== DATASET EXTRACT

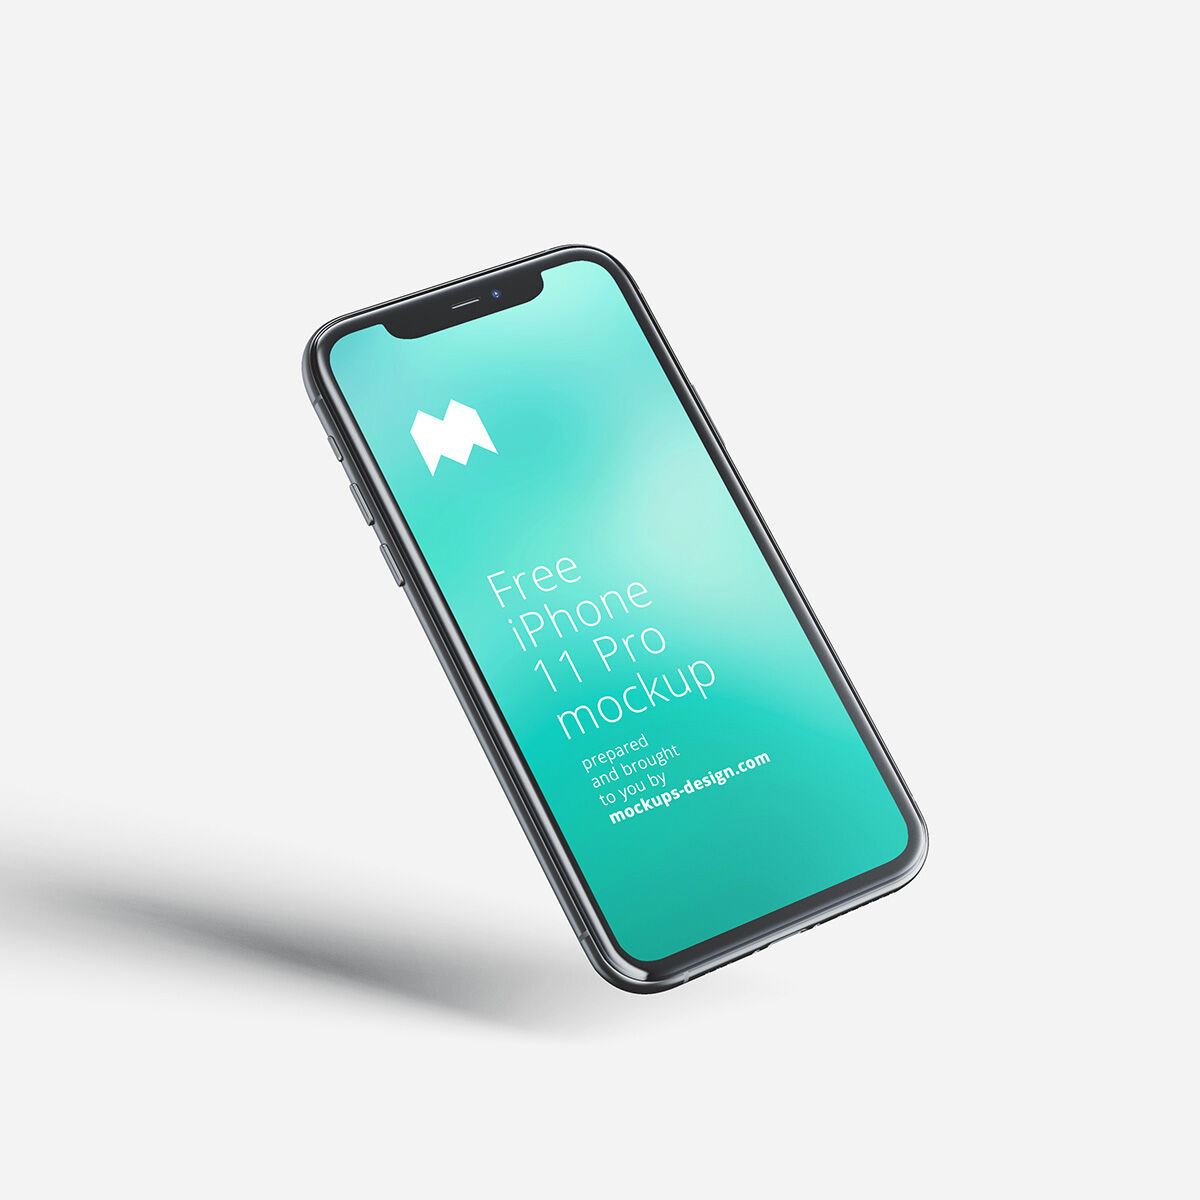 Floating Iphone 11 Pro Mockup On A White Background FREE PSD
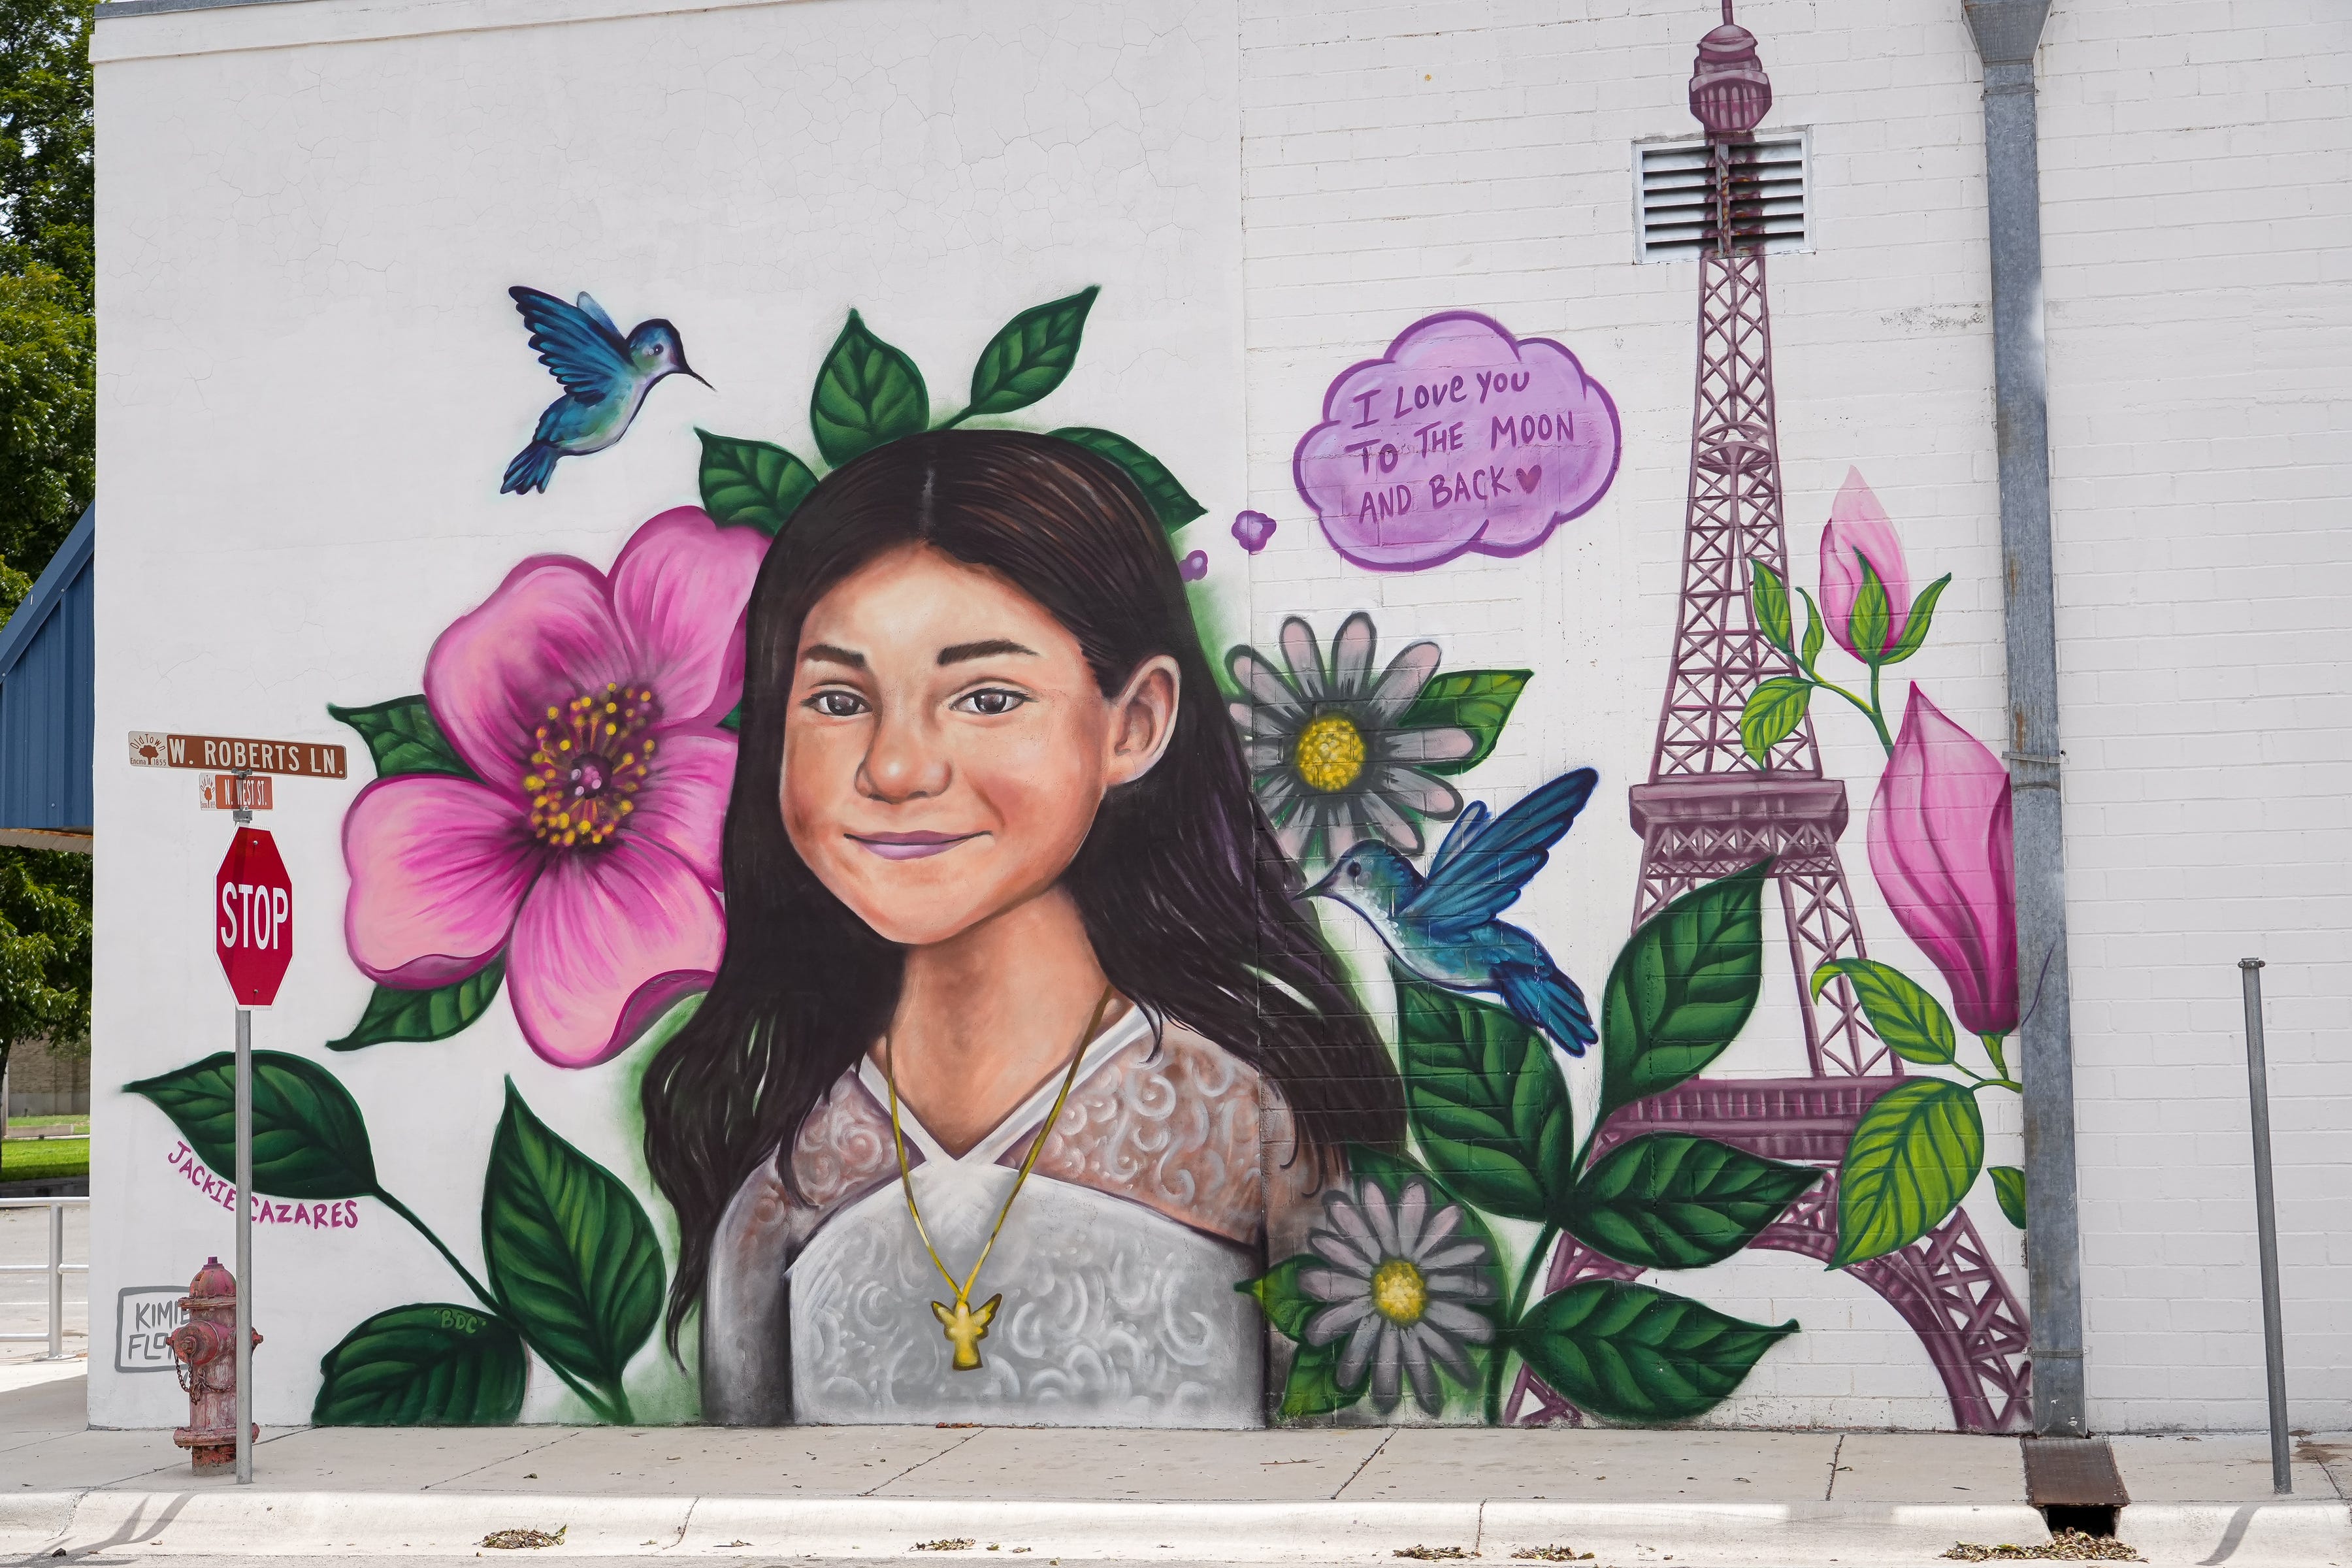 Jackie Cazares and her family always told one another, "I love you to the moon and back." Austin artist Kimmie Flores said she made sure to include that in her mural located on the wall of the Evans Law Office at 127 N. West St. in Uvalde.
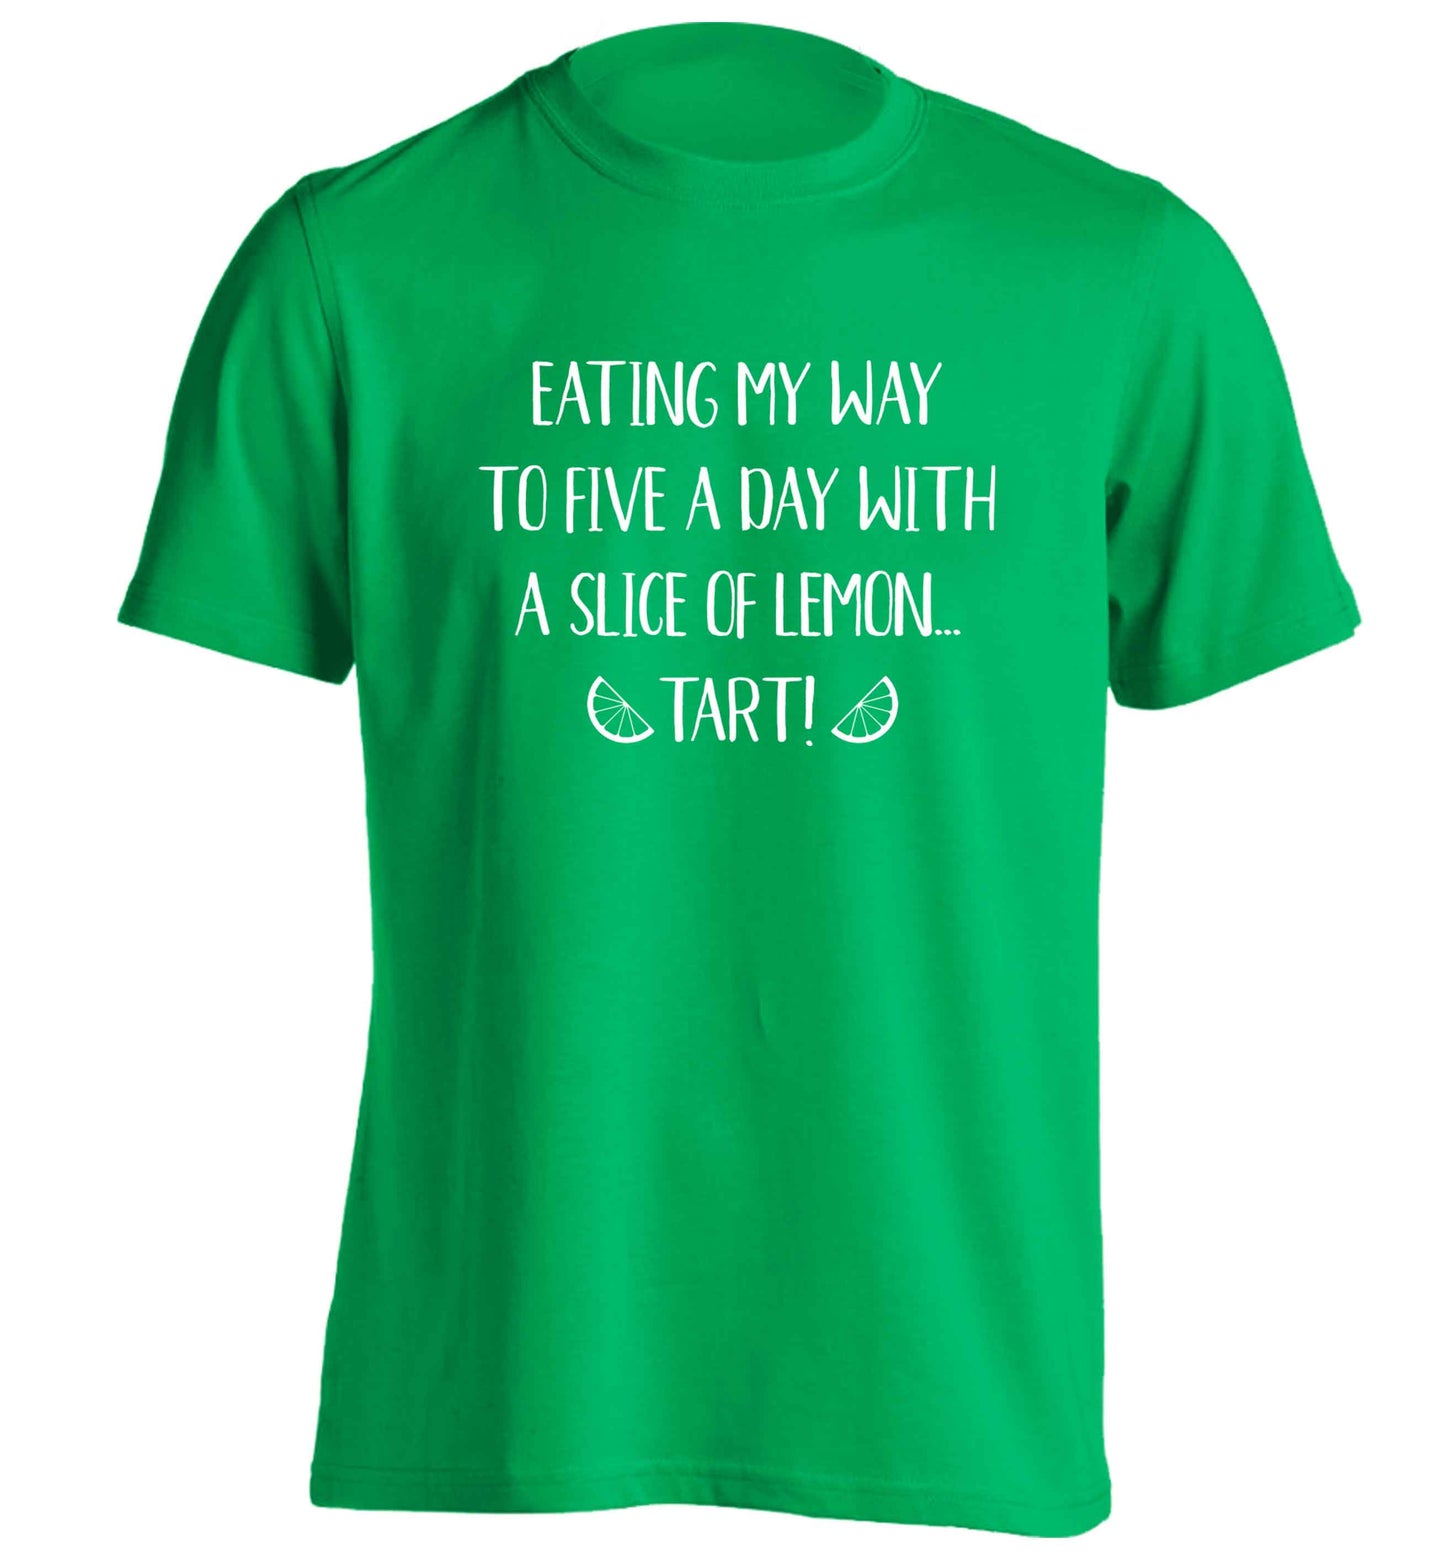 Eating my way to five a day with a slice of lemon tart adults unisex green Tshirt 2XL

====

YOUR TASK:
Every line above is to be reproduced verbatim, and the pictures are to be omitted.

RESULT BELOW:
 Floating Iphone 11 Pro Mockup On A White Background FREE PSD
 Jackie Cazares and her family always told one another, "I love you to the moon and back." Austin artist Kimmie Flores said she made sure to include that in her mural located on the wall of the Evans Law Office at 127 N. West St. in Uvalde.
 Eating my way to five a day with a slice of lemon tart adults unisex green Tshirt 2XL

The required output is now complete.